**TASK REQUIREMENTS:** From first line to last, transcribe the listing exactly and skip any image.

**GIVEN INFORMATION:**
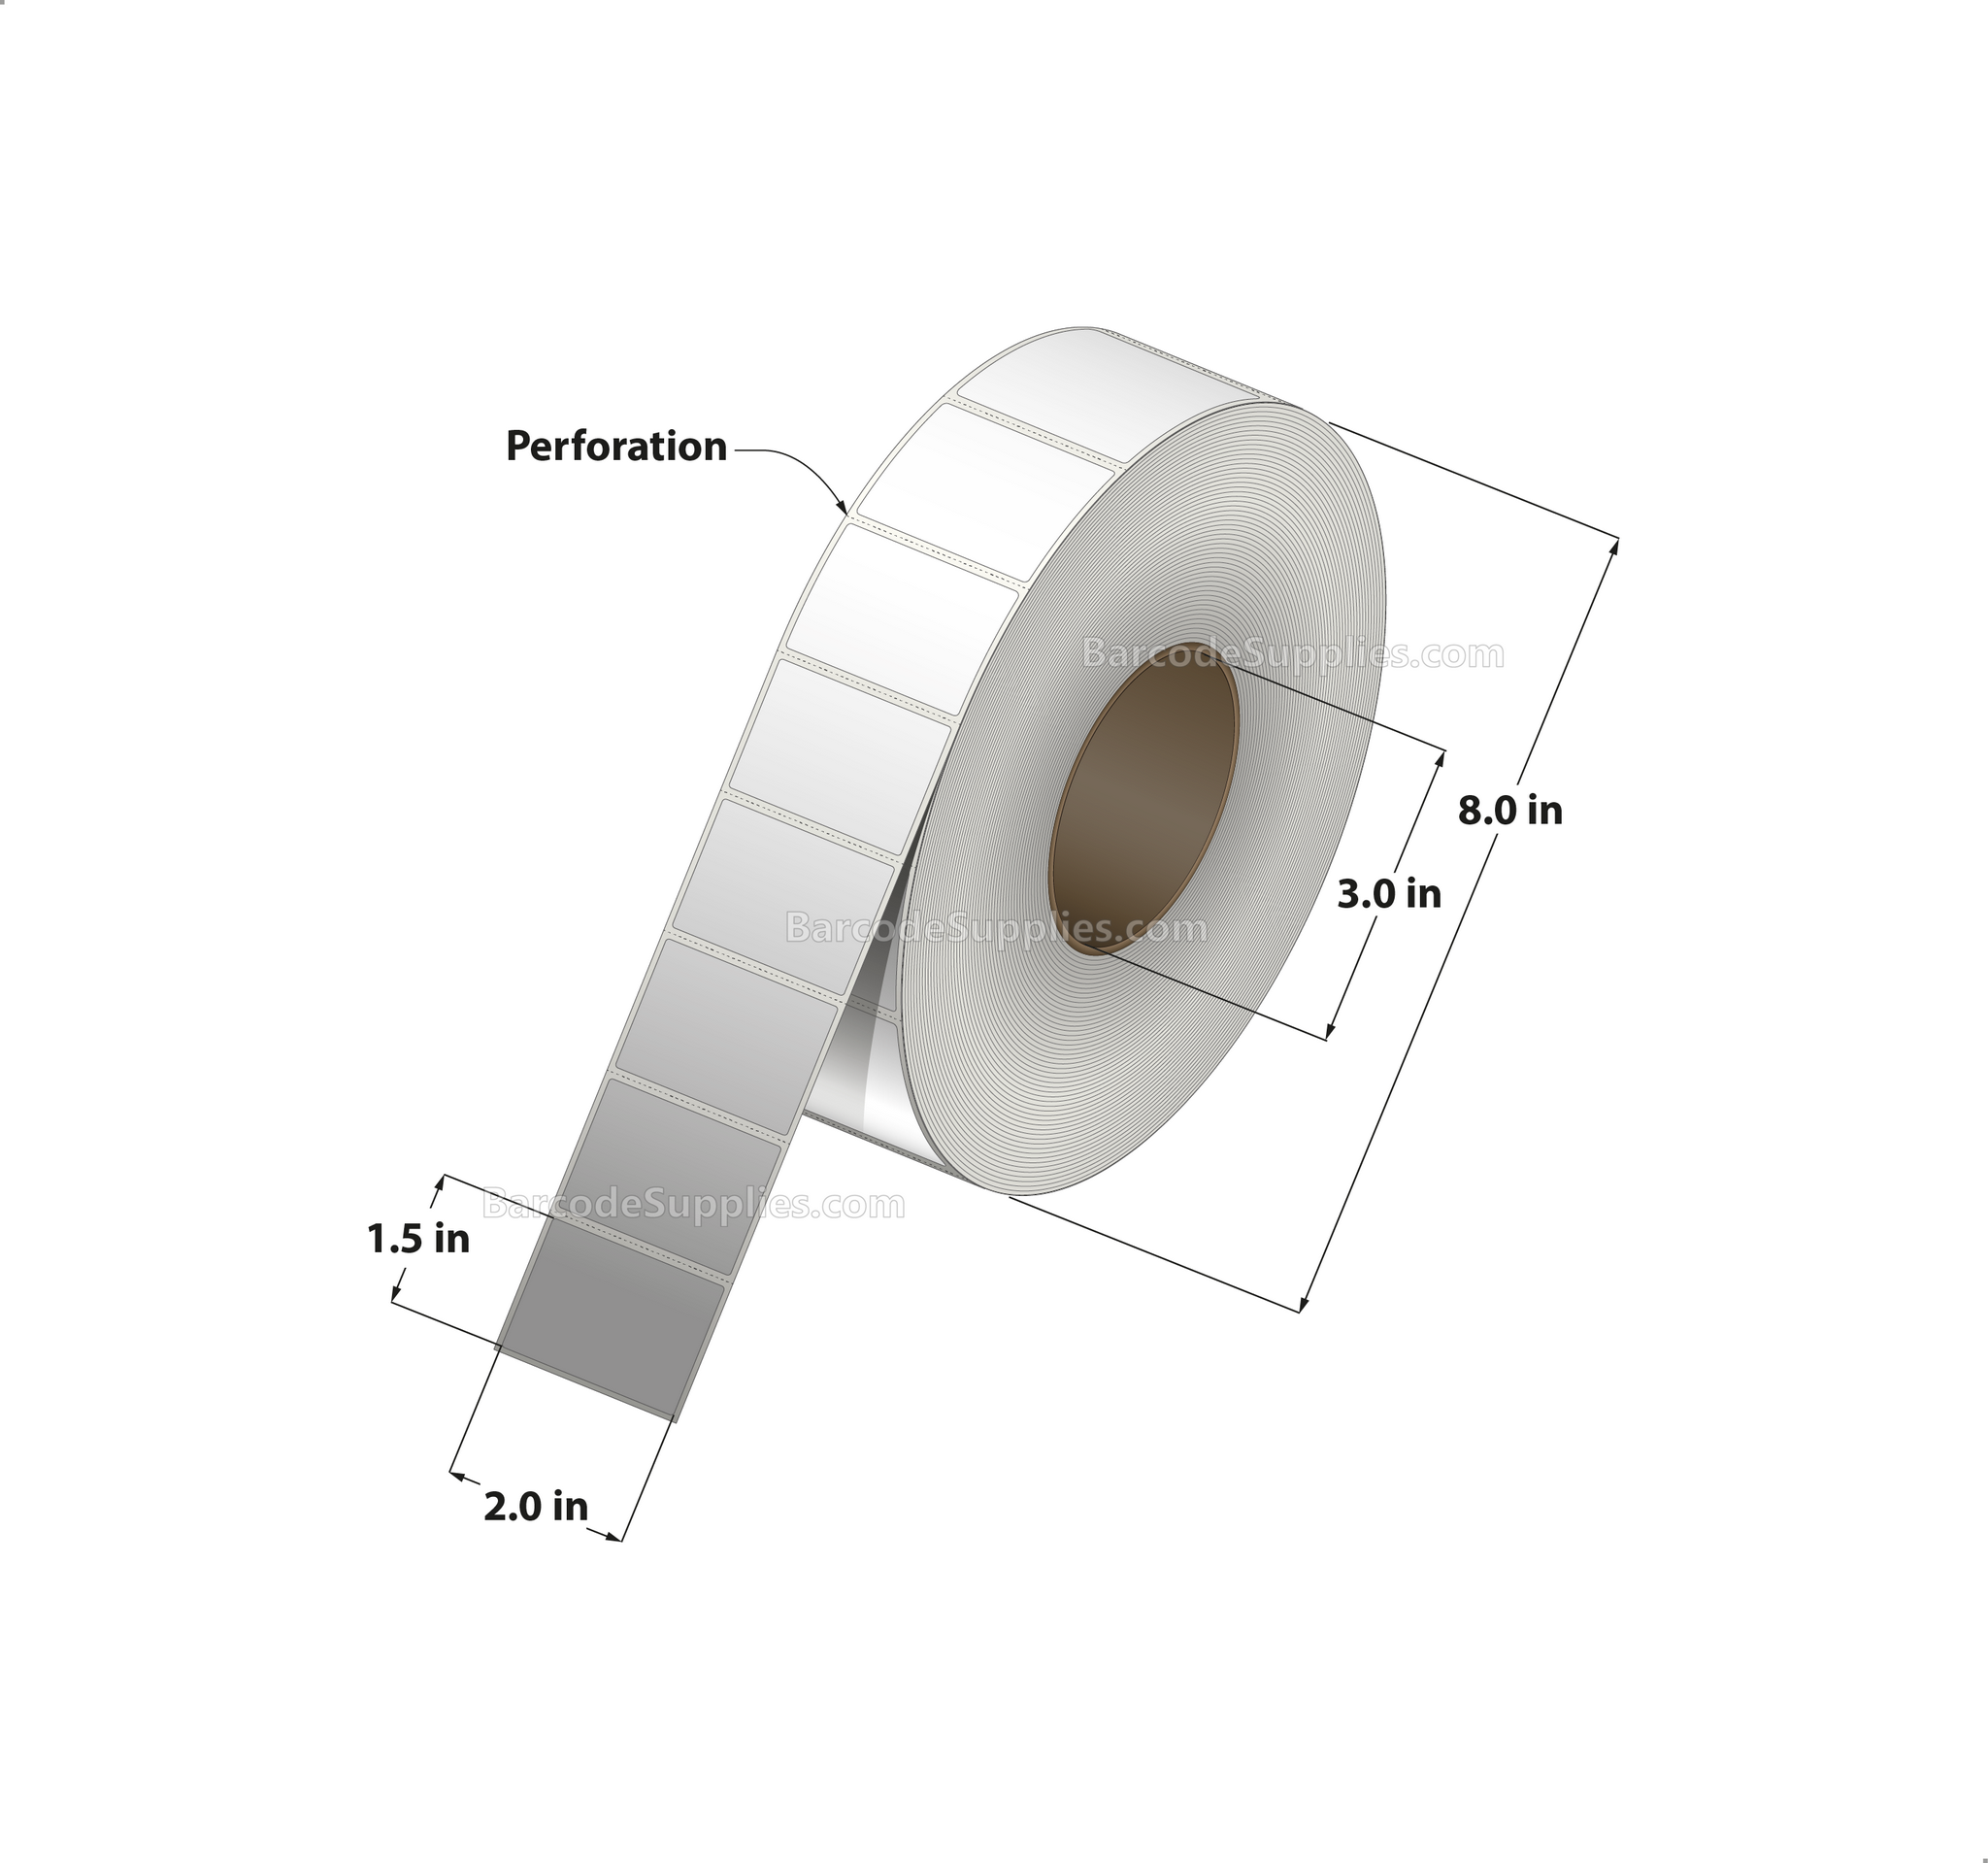 2 x 1.5 Thermal Transfer White Labels With Permanent Acrylic Adhesive - Perforated - 3800 Labels Per Roll - Carton Of 8 Rolls - 30400 Labels Total - MPN: TH215-1P
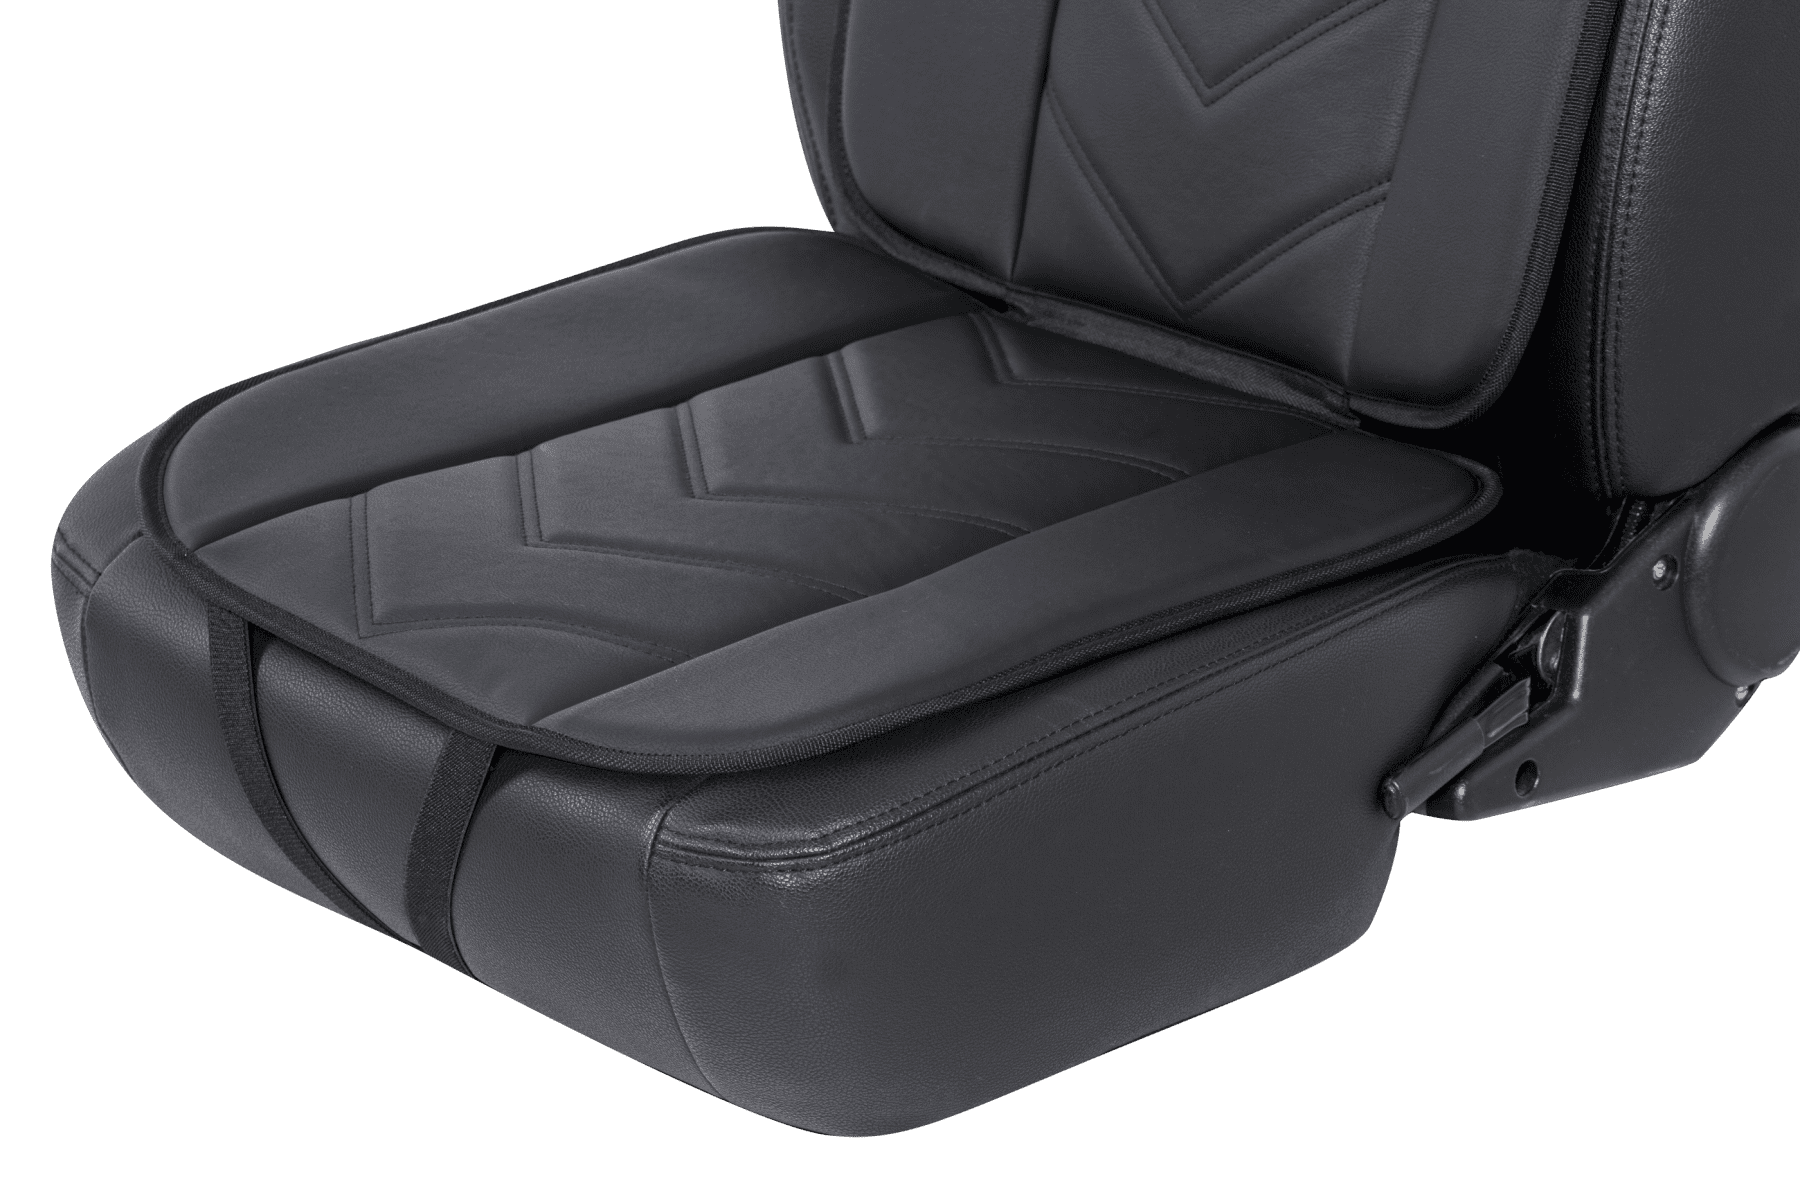 SXSBOX Vehicle Seat Cushions, Driver Seat Cushion for Height, Universal Fit  for Most for Auto SUV Truck, Black
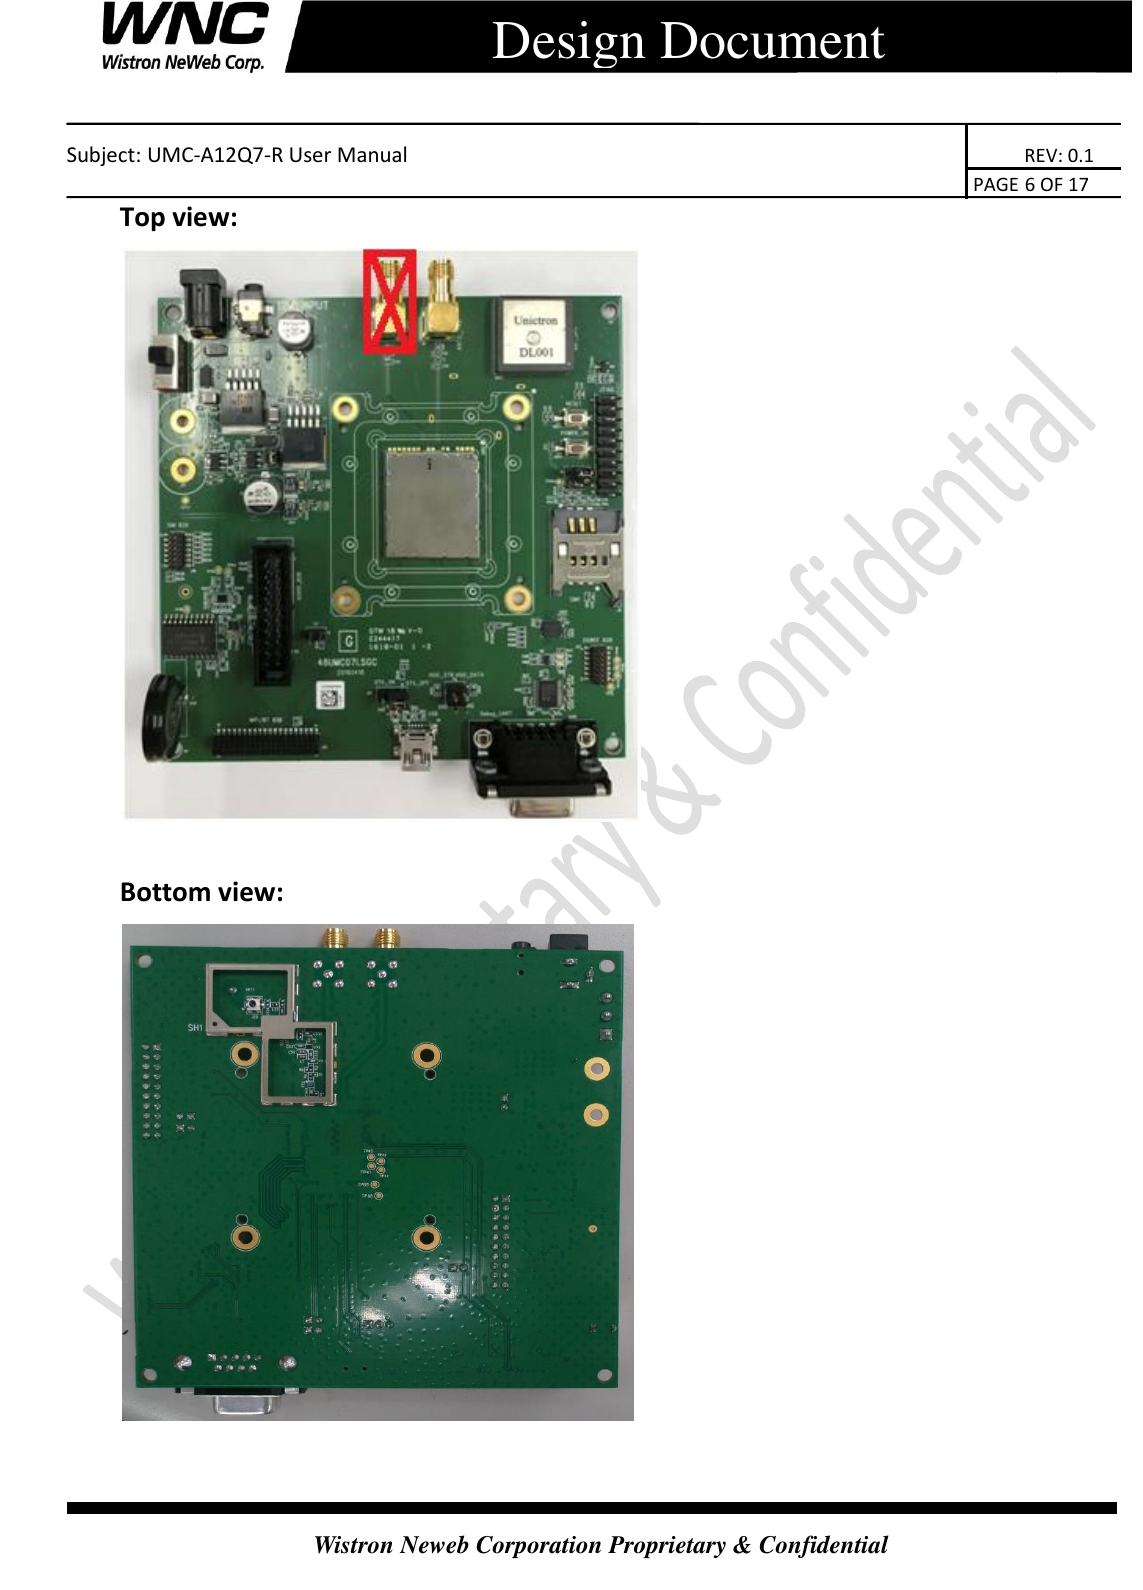    Subject: UMC-A12Q7-R User Manual                                                                      REV: 0.1                                                                                        PAGE 6 OF 17  Wistron Neweb Corporation Proprietary &amp; Confidential      Design Document Top view:   Bottom view:

**SOLUTION FOR THIS PROBLEM:**
 2 x 1.5 Thermal Transfer White Labels With Permanent Acrylic Adhesive - Perforated - 3800 Labels Per Roll - Carton Of 8 Rolls - 30400 Labels Total - MPN: TH215-1P
 SXSBOX Vehicle Seat Cushions, Driver Seat Cushion for Height, Universal Fit  for Most for Auto SUV Truck, Black
    Subject: UMC-A12Q7-R User Manual                                                                      REV: 0.1                                                                                        PAGE 6 OF 17  Wistron Neweb Corporation Proprietary &amp; Confidential      Design Document Top view:   Bottom view:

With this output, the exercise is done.